Justice Brereton noted that the words “arising from” required some causal connection between the claim and the specified matter, but that would be satisfied by a less proximate relationship than that required by the phrase “caused by”. The requirement that a claim “arise from” a matter would be satisfied, if it “originates in, springs from, or has its foundation in, that matter”.
Although BWR’s claim against Prestige did not explicitly refer to insolvency, it alleged that the public liability policy had ceased to indemnify BWR and that Prestige had negligently placed the insurance with an unregistered overseas insurer and failed to advise BWR of the associated risks. Justice Brereton found that “the craftiness or clumsiness of the claimant’s pleading” was not determinative of the issue; and indeed, both parties accepted that whether the claim fell within the exclusion depended on the facts that give rise to the claim, and not its formulation by the claimant.
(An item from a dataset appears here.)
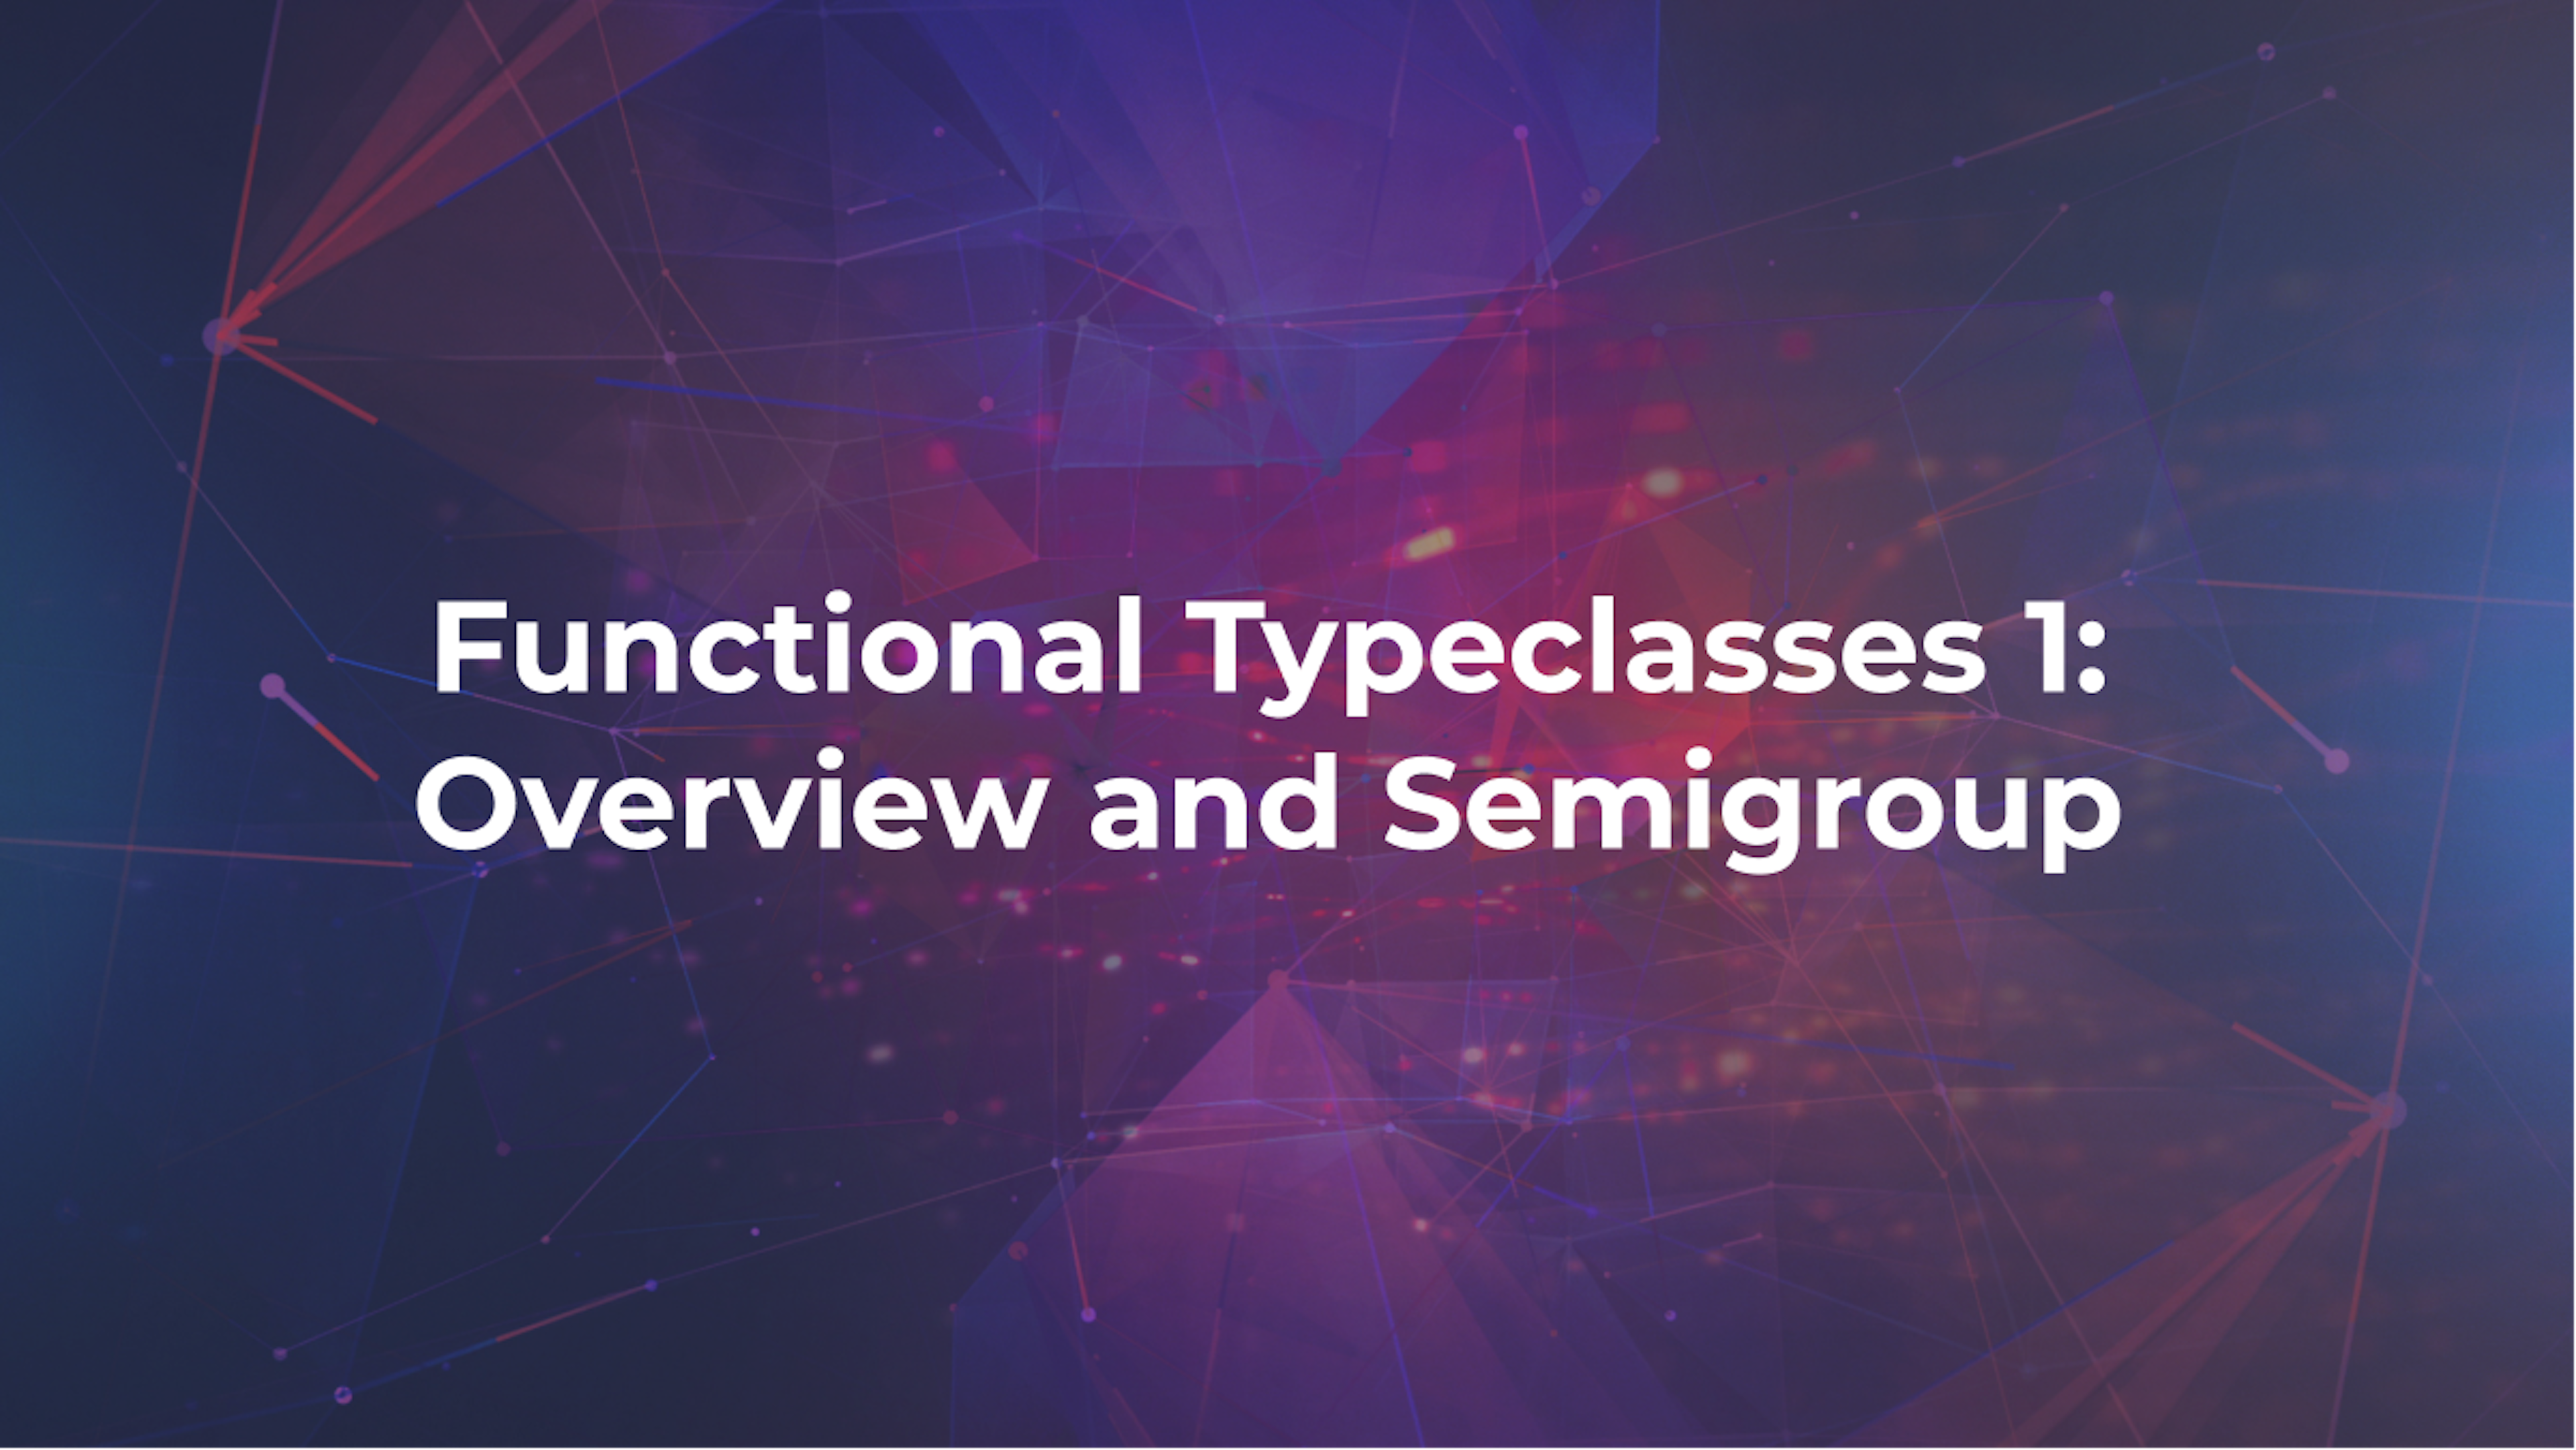 Functional Typeclasses 1: Overview and Semigroup
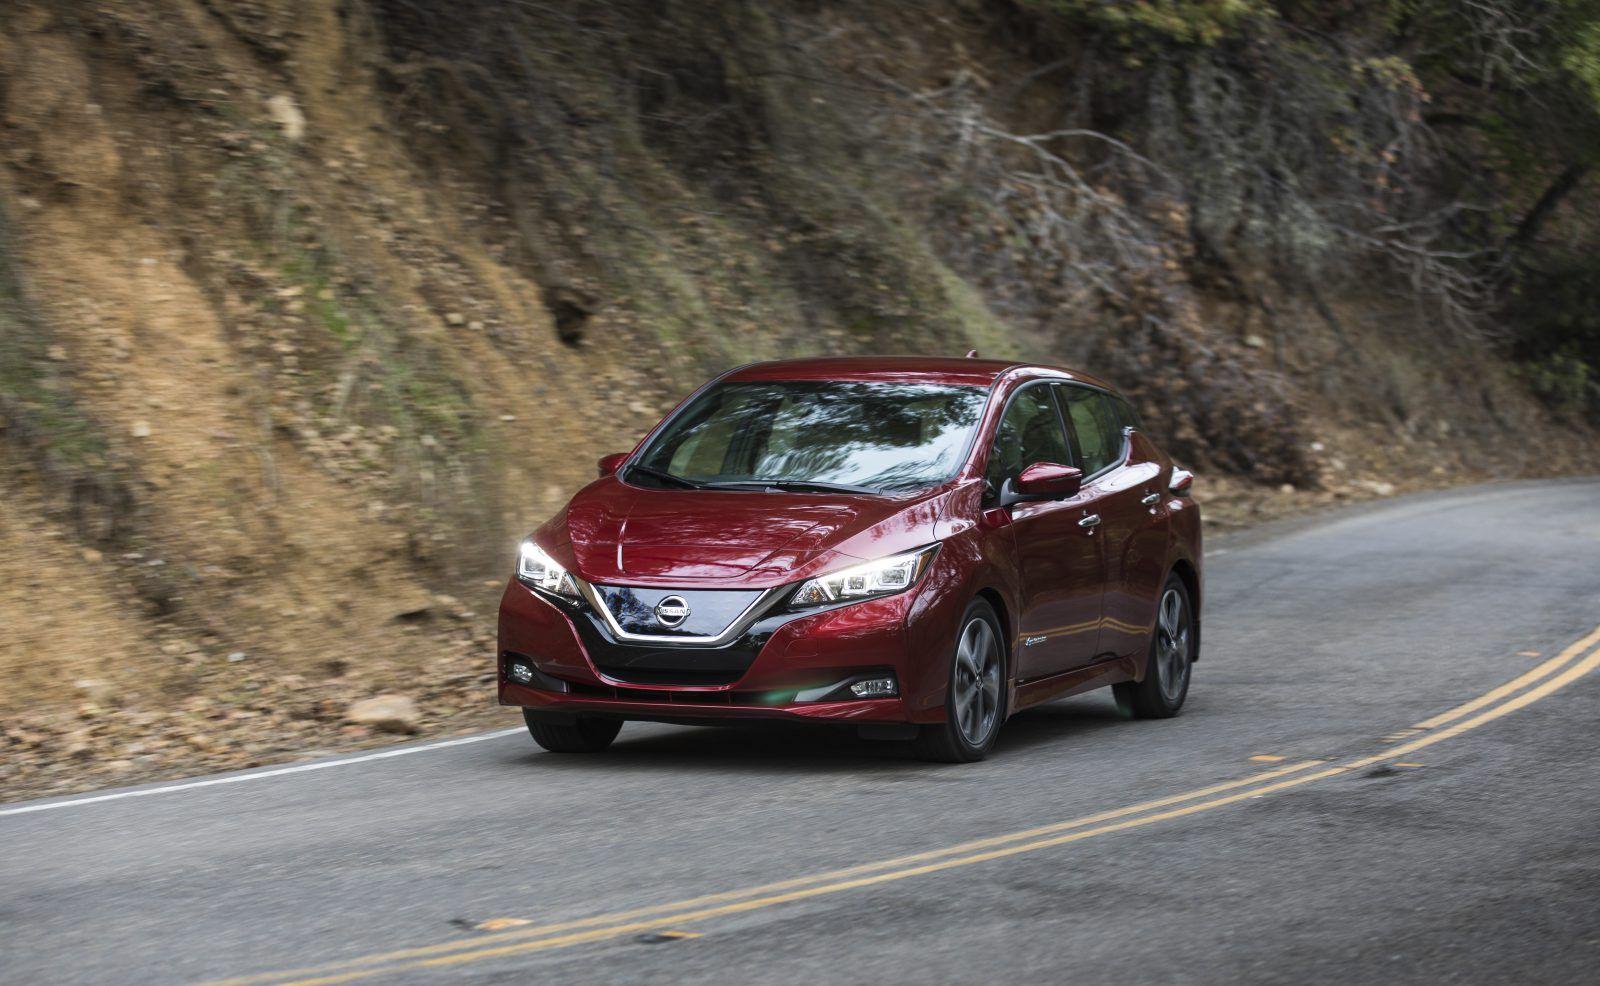 Nissan says the new Leaf is 'the fastest selling electric vehicle

The damage that was being asserted by BWR was that it was left without an indemnity of value; and the reason for that was because International Unity was insolvent. In substance, BWR’s claim was attributable to International Unity’s insolvency.
It therefore followed that BWR’s claim against Prestige “originated in, sprang from, or had its foundation in”, the insolvency of International Unity. Accordingly, the claim was one that “arose from” the insolvency of an insurer, and the exclusion clause applied to exclude cover.
On the issue of whether the “failure to advise” exclusion operated, Justice Brereton concluded that, where a policy excludes cover for claims arising from a specified matter, what was intended was that the insurer were not to be at risk in respect of claims that relied on proof of the specified matter as an underlying fact. It was not necessary that the matter objectively exist; it was sufficient that its existence was asserted, either expressly or implicitly, by the claim.
In this case, the claim included an allegation of breach of the relevant duty. The exclusion clause was therefore engaged; and was not dependant on the existence, as an objective fact, of the alleged breach.
In the result, Prestige’s claim against the insurers failed.